13 Sins (2014)

13 sins

The Most Dangerous Game

Elliot Brindle (Mark Webber) is in a bad place.  Already riddled with debts and caring for his mentally disabled brother (Devon Graye), Elliot gets fired from his insurance sales job for not being cutthroat enough.  With a cranky father (Tom Bower) to house and a baby on the way, things don’t look good.  But just when he seems to be out of options, Elliot receives a mysterious call from an anonymous voice who knows all about Elliot’s financial struggles.

Claiming to represent a “unique game show,” the voice offers Elliot increasing sums of money in exchange for performing a series of thirteen tasks, beginning with the innocuous challenge of swatting a fly and moving on to more difficult – and dangerous – assignments.  Once Elliot realizes that the money being offered is very real, the voice reveals the full set of rules: if Elliot completes all thirteen challenges, he’ll be rewarded a massive seven-figure sum; but if he fails at any point, he’ll lose all the money he’s won so far.  He’ll also be disqualified if he tells anyone about the game.

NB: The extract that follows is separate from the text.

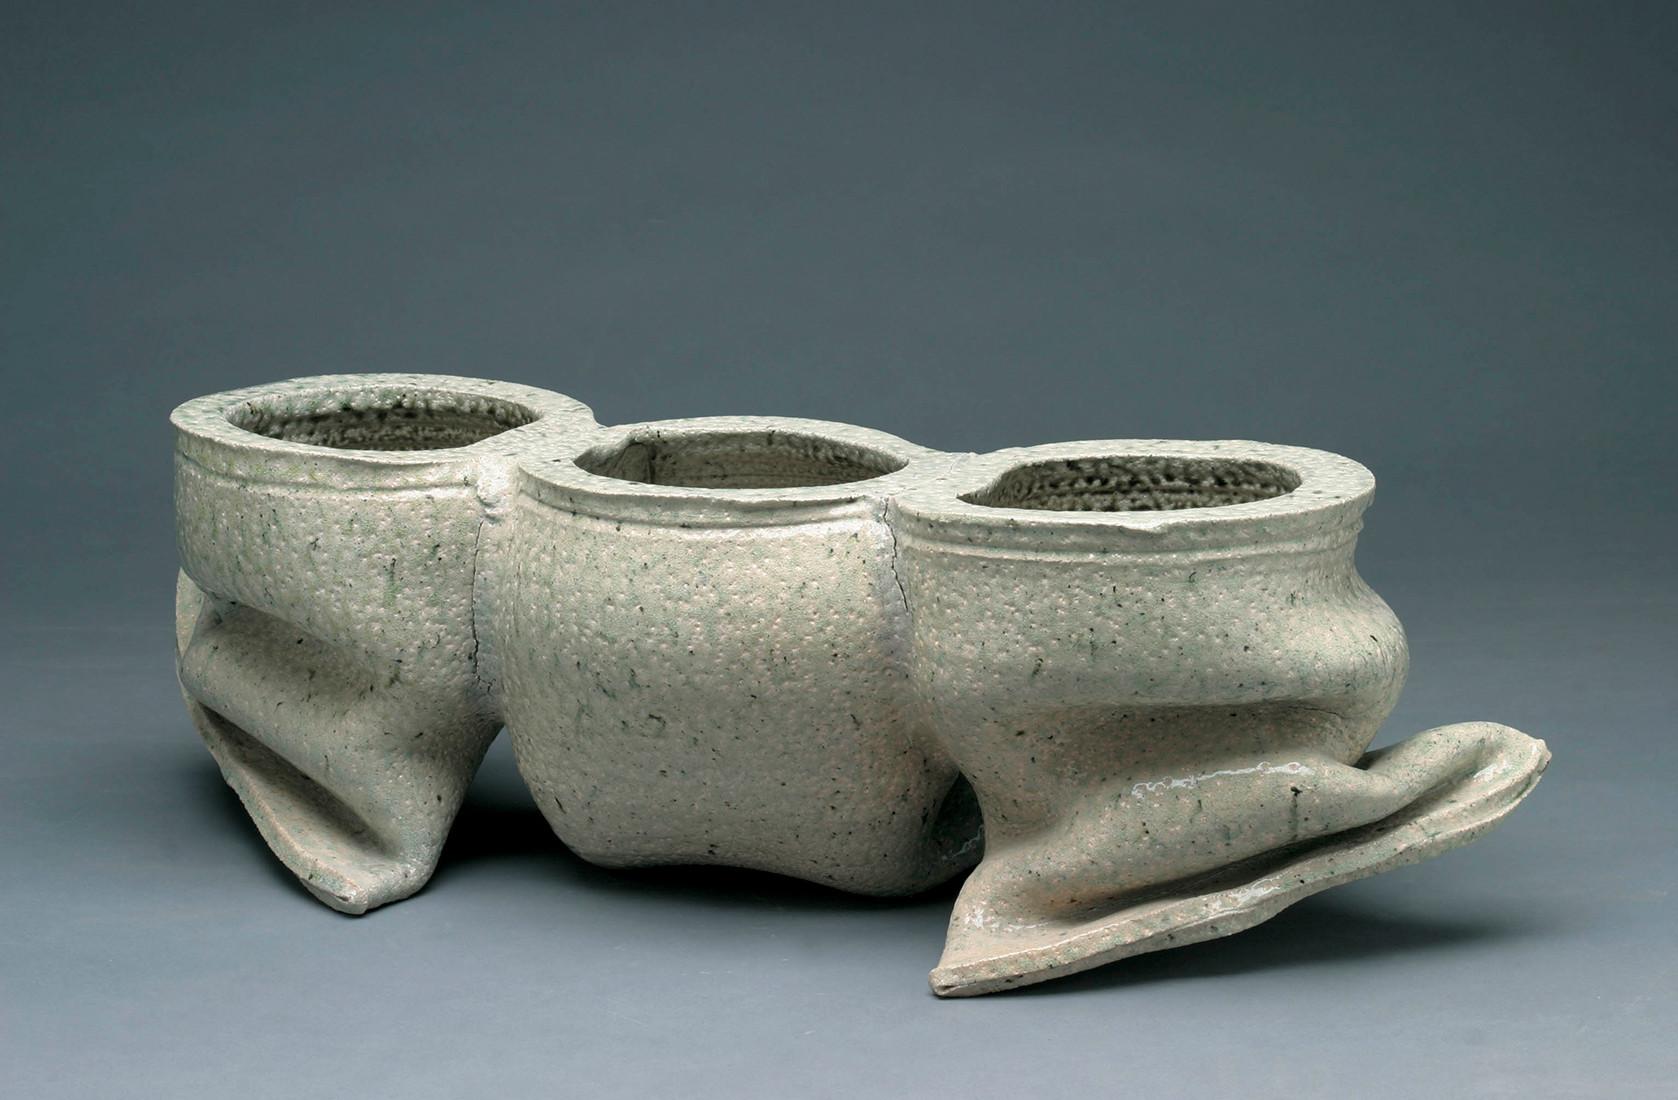 susan paley vases of david kordansky gallery for folded tri part vase 1975 salt glazed stoneware 8 x 25 x 8 inches 20 3 x 63 5 x 20 3 cm

13 Sins’s main selling point is the titular immoral stunts, and they rarely disappoint.  A good mix of humiliating, cruel, and depraved, they deliver the twistedly entertaining spectacle that the movie promises.  There’s a warped creativity on display with each progressive challenge; the film rarely opts for obvious Saw-esque sadistic choices, preferring to keep the audience on its toes with a series of curveballs.  While most of the sins cause Elliot some form of pain or discomfort, others appeal to his darker instincts, such as one that reunites him with his middle-school bully.

For most of its running time, 13 Sins is more of a stress machine a-la Uncut Gems than a full-blown horror movie.  Clearly aware of the absurdity of its premise, its best scenes are both nerve-wracking and morbidly hilarious.  It’s not until the midpoint that it takes its first foray into undiluted horror, with a shocking burst of violence that hits hard after the movie’s relatively bloodless first half.  By the final act the tone has seamlessly plunged into darkness, with a series of clever twists that keeps things unpredictable right until the ending.

Mark Webber is excellent in the lead, making Elliot believable as both a meek beta-male and (by the end) a morally-corrupted degenerate.  Rutina Wesley has less to do as his fiancé, but provides a nice mellow presence to balance out Elliot’s manic energy; her character oblivious to the horrific acts Elliot is committing.  The cast is nicely rounded out by Ron Perlman and Pruitt Taylor-Vince, respectively playing the detective on Elliot’s trail and a conspiracy theorist who’s been tracking the so-called “game” for years.

13 Sins eschews credibility at times, often resorting to massive improbabilities and coincidences to whisk Elliot from one task to the next.  And though its premise is solidly executed, it’s hardly original; borrowing liberally from Would You Rather, Cheap Thrills, and Falling Down.  Still, it’s tough to deny that the movie succeeds in its aims: serving up a lean, mean slice of train-wreck horror.